Keep in mind that whatever you are training for, beginners need more rest between sets then the seasoned veterans. If you are just starting out, stay in the conservative end of your range. If you are experienced you will benefit more from a shorter rest period. In addition, athletes coming back from periods of detraining due to injury or otherwise should increase the amount of rest between sets until you are back in your normal physical condition.

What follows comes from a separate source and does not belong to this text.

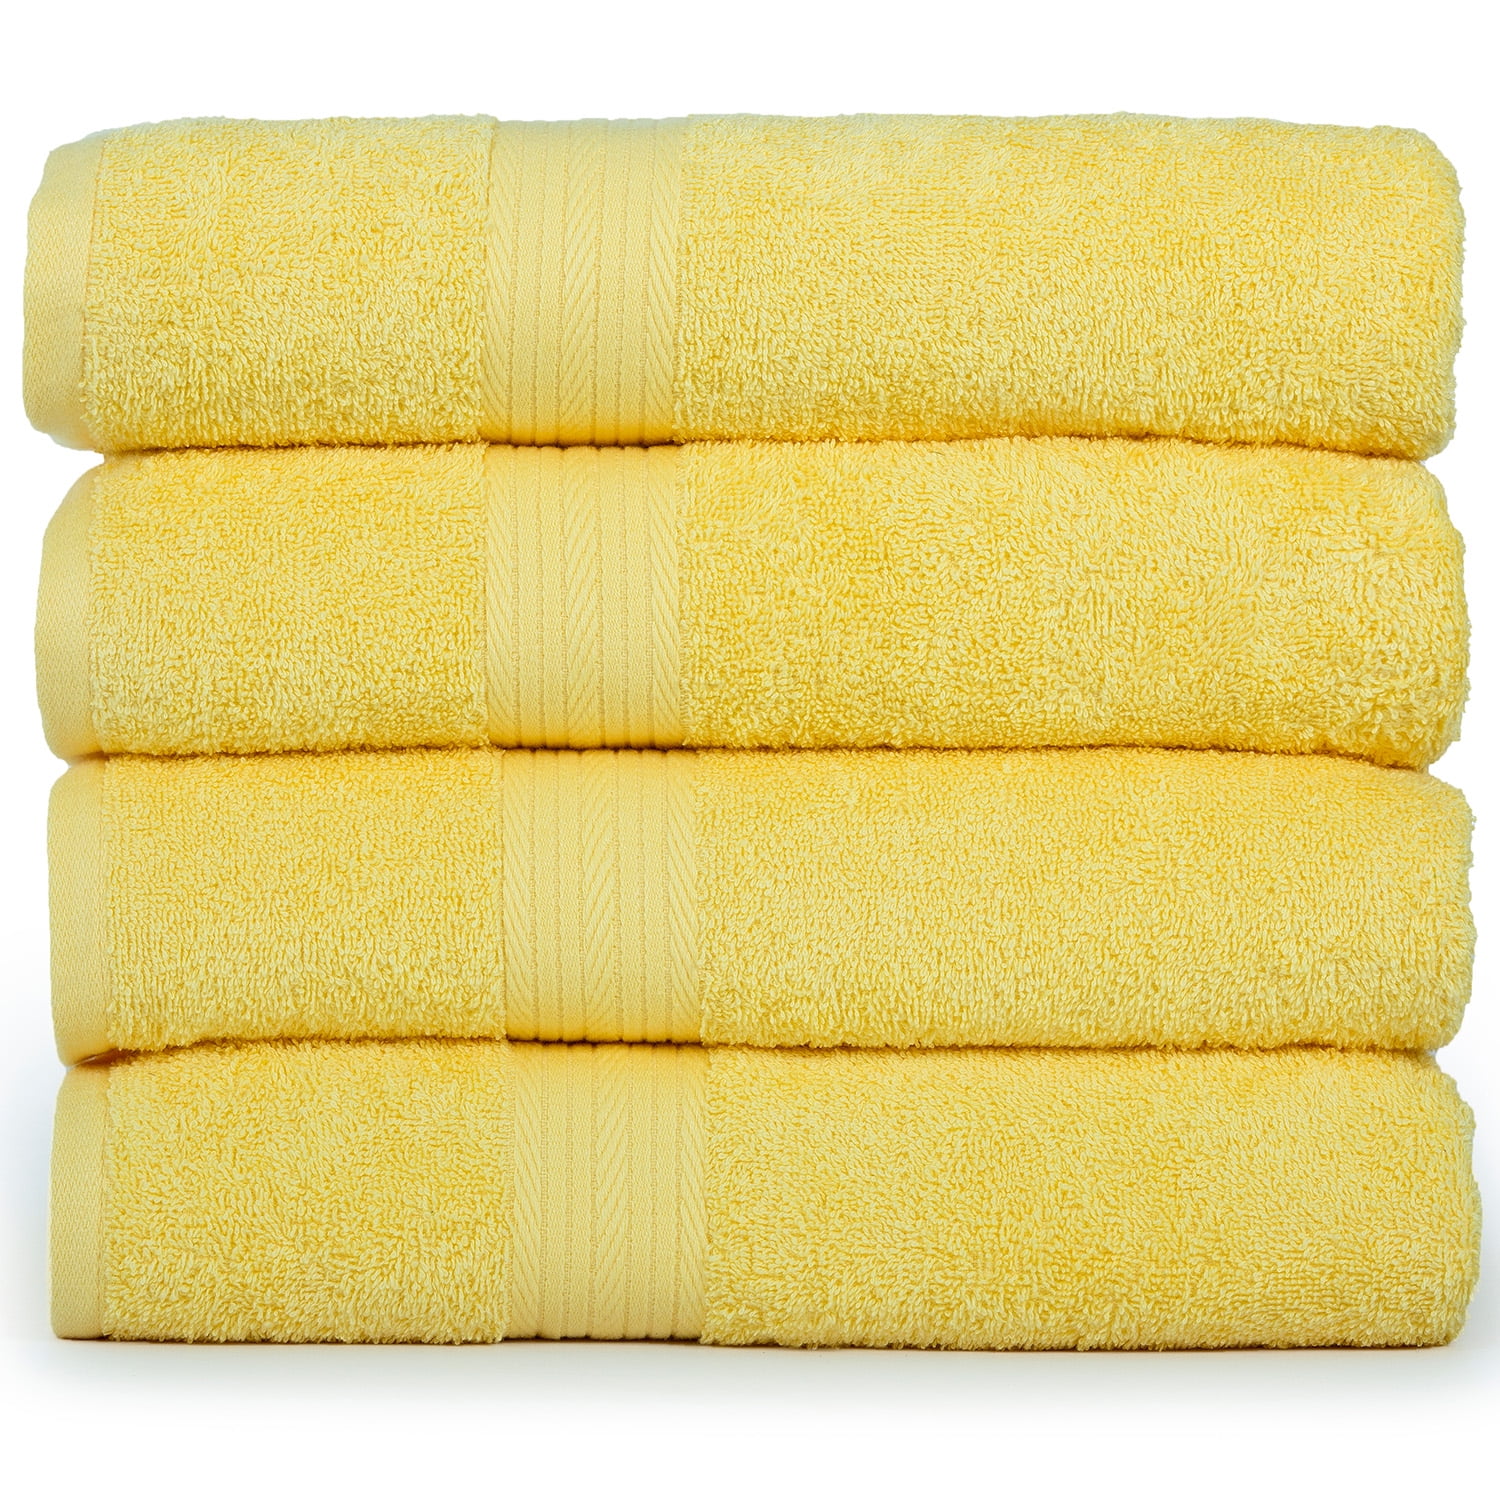 Ample Decor Bath Towel 30 x 54 inch Pack of 8 600 GSM 100% Cotton, Soft  Absorbent, Lightweight, Quick Drying, Machine Washable for Hotel, Gym,  Kitchen
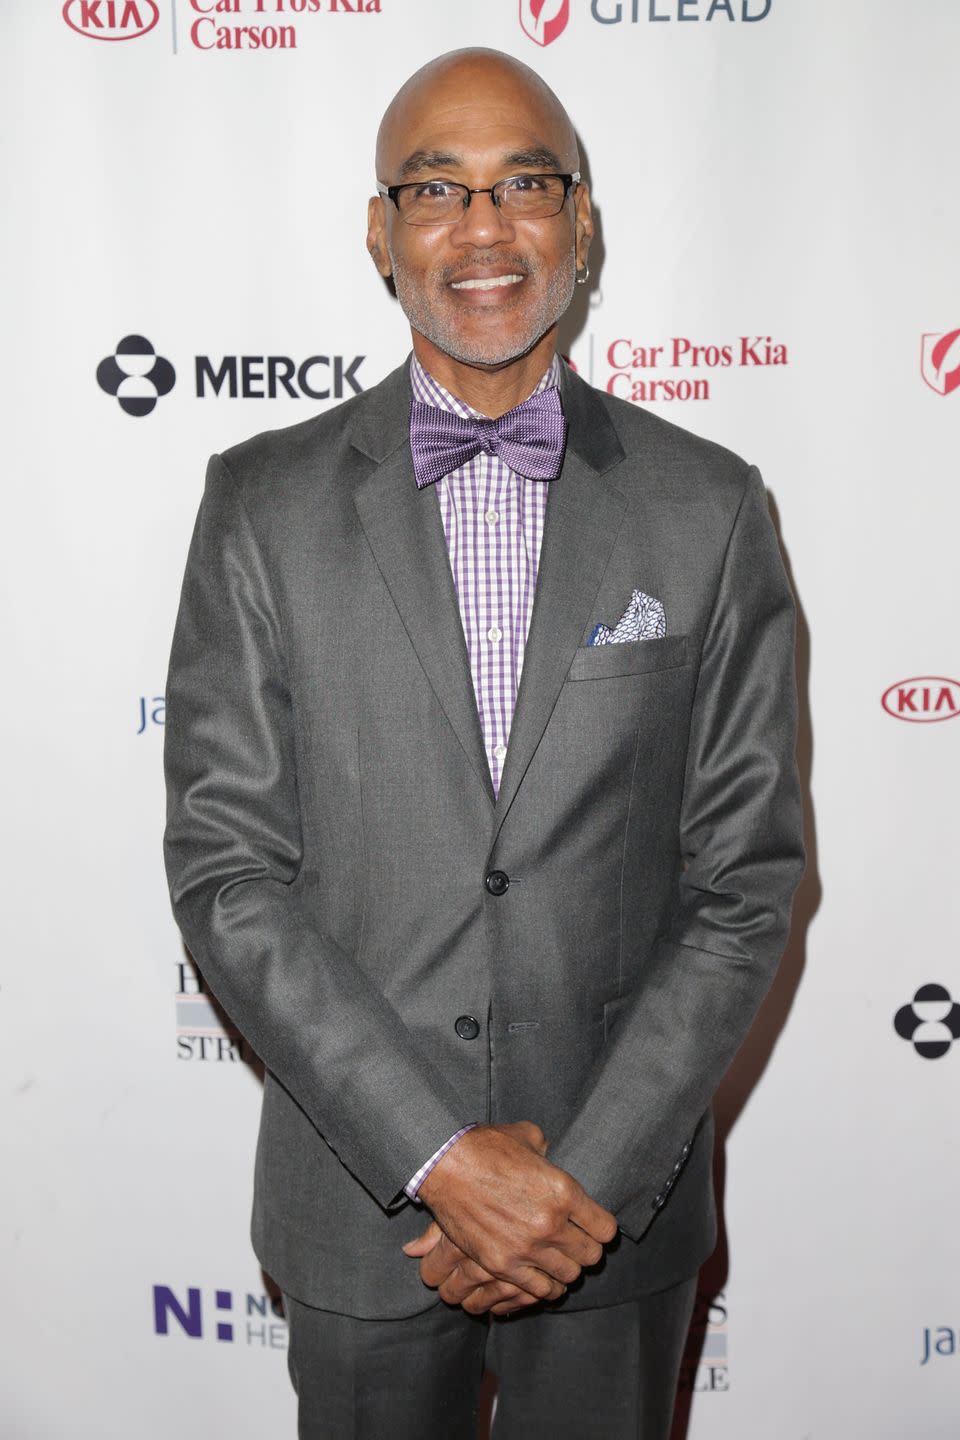 phil wilson smiles at the camera while standing in front of a white background with logos, he clasps his hands in front of him, he wears a gray suit with a purple and white checkered shirt and purple bowtie

The Unique Case of Circuit Training

Traditional circuit training incorporates a rest period of typically less than 30 seconds, or a work-rest interval a fair margin greater than 1:1. So where does this fit into an athlete’s training? One has to understand that circuit training is designed to provide a happy medium between strength and aerobic training. Due to the short rest interval between sets, strength gains are less than optimal with circuit training (30 to 50% less) when compared to traditional strength training 1. However, modest gains in aerobic capacity can be achieved. So who benefits from circuit training? Athletes that require a balance of both strength and cardiovascular endurance for their sport, athletes and fitness buffs with limited time and anyone wishing to add variety to their training would all benefit from circuit training.

In conclusion

No matter what your sport or fitness passion may be, understanding the science of rest between sets will put you in the driver’s seat on the road to your training goals. As you can see, not all athletes benefit from waiting the full three minutes for complete phosphagen recovery. Different periods of rest can produce very specific results. It is up to you as the athlete to decide which approach will be of greatest benefit to you.

  1. Fleck, S.J., and W.J. Kraemer. . Champaign, IL: Human Kinetics. 1987.
  2. Kraemer, W.J. Endocrine responses and adaptations to strength training. In: Strength and Power in Sports, P. Komi, ed. Oxford: Blackwell Scientific. 1992. pp. 291-304.
  3. National Strength and Conditioning Association, Essentials of Strength Training and Conditioning. Champaign, IL: Human Kinetics. 1994.